18. Will Hayes ever forgive himself for Billy’s death? Do you think he will find Billy’s brother?

19. There are two train rides featured in the book (pp. 71–72 and 275–276). The first is the train that brings the wounded Summerfield to the hospital; the second takes Summerfield home to Brooklyn. “A raging world, hurtling them through the night. A train. Not dead. Beyond understanding.” Compare the two passages in terms of Hayes’s mental state.

20. When Summerfield finds out that Sarah is engaged, he feels betrayed. How is his feeling of betrayal about her moving on the same or different from her feeling of betrayal about having been left alone?

21. Summerfield comes home to many changes: Sarah’s engagement, the rearrangement of their parents’ house, etc. Is this forced readjustment of his memories helpful in forcing an adjustment to his mental state?

22. What can Walt Whitman say to Sarah that Summerfield cannot? Why can’t Hayes explain, and how is this an extension of his illness in the hospital?

23. Do you think Summerfield will see Anne again?

24. How is the young Summerfield who plays April baseball different from the Summerfield who returns from the war a few months later?

25. What does baseball mean to Hayes? What does the game bring to the book? How does the history of the sport influence the way Americans look at baseball today?

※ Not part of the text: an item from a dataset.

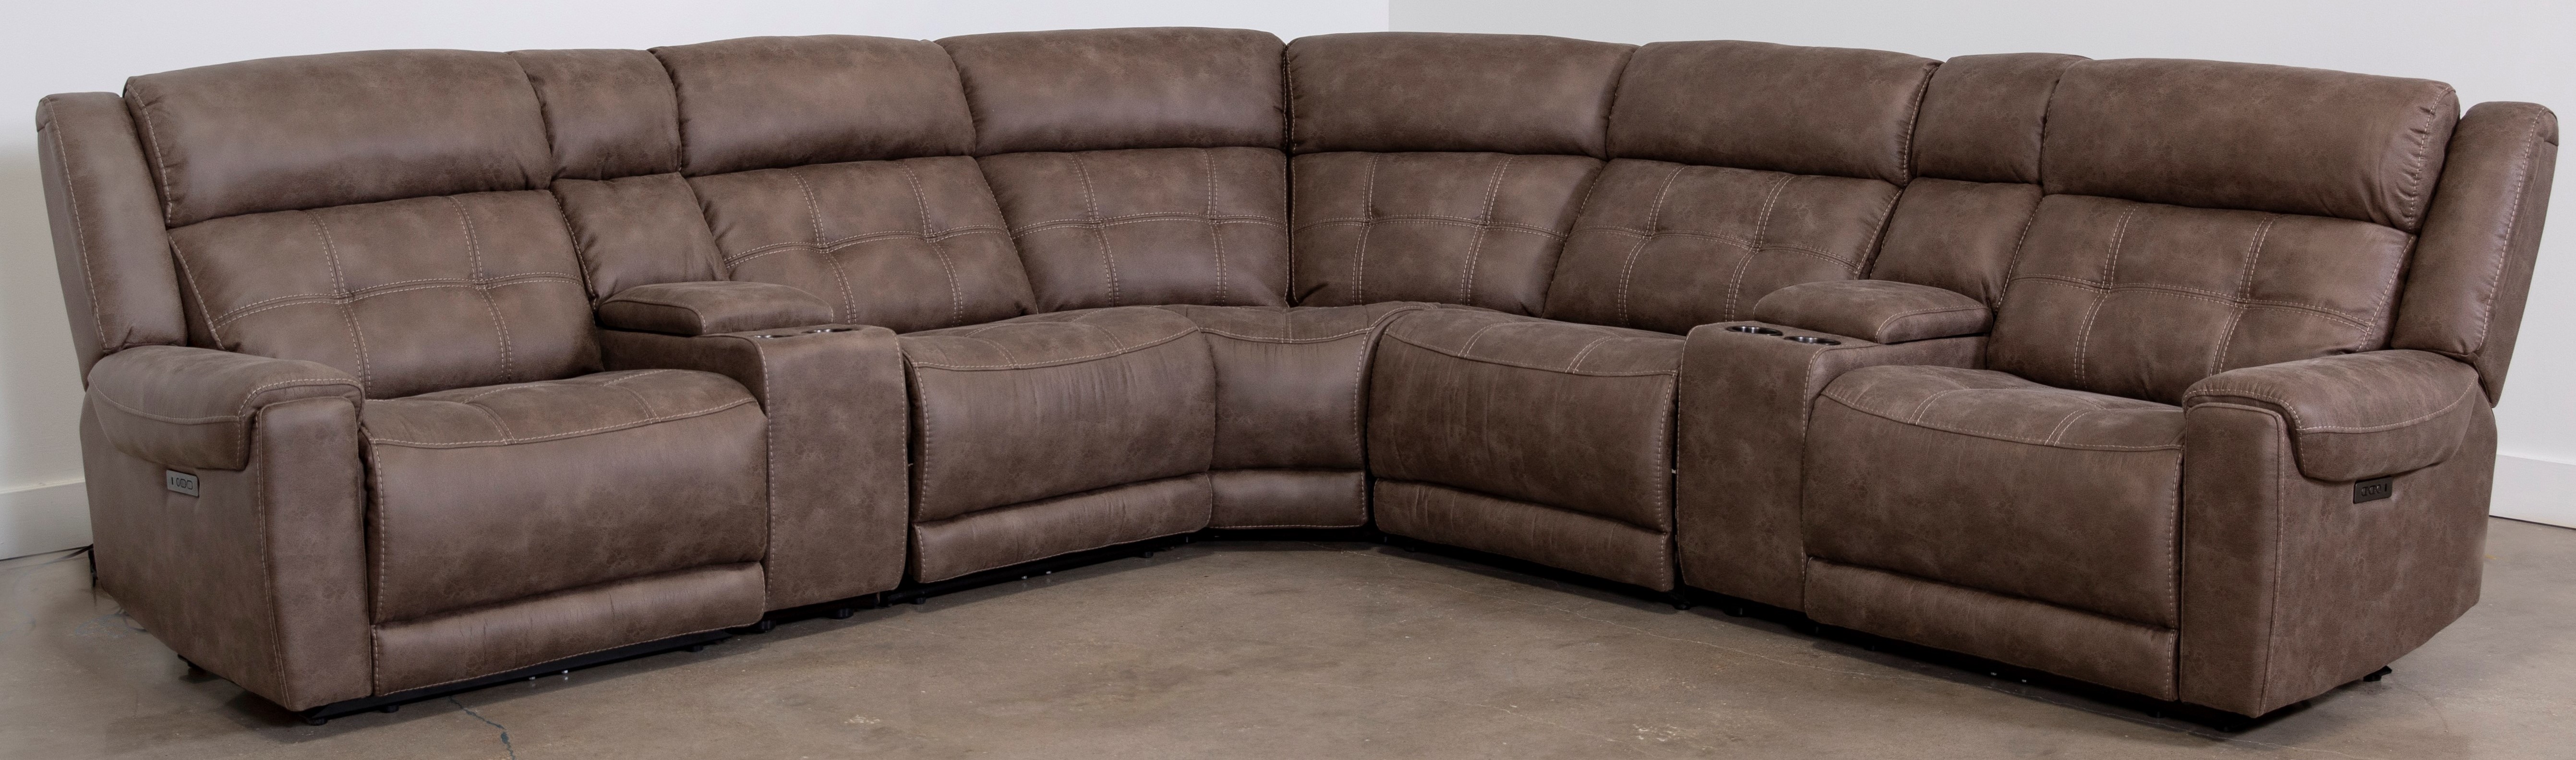 Man Wah Brown 7 Piece Taupe Power Reclining Sectional

26. How do you think the diagnosis of nostalgia in the post–Civil War era is different from a diagnosis of PTSD today? What are the similarities and differences?

27. To what degree does the book leave you with a “happy ending”?  Do you feel that Summerfield will be healed? What will he carry with him from the incidents in the book?

About this Author

Dennis McFarland is the best-selling author of six novels: Letter from Point Clear, Prince Edward, Singing Boy, A Face at the Window, School for the Blind, and The Music Room. His short fiction has appeared in The American Scholar, The New Yorker, Prize Stories: The O Henry Awards, Best American Short Stories, and elsewhere. He has received a fellowship from the National Endowment for the Arts and the Wallace E. Stegner Fellowship from Stanford University, where he also taught creative writing. He lives in rural Vermont with his wife, the writer and poet Michelle Blake.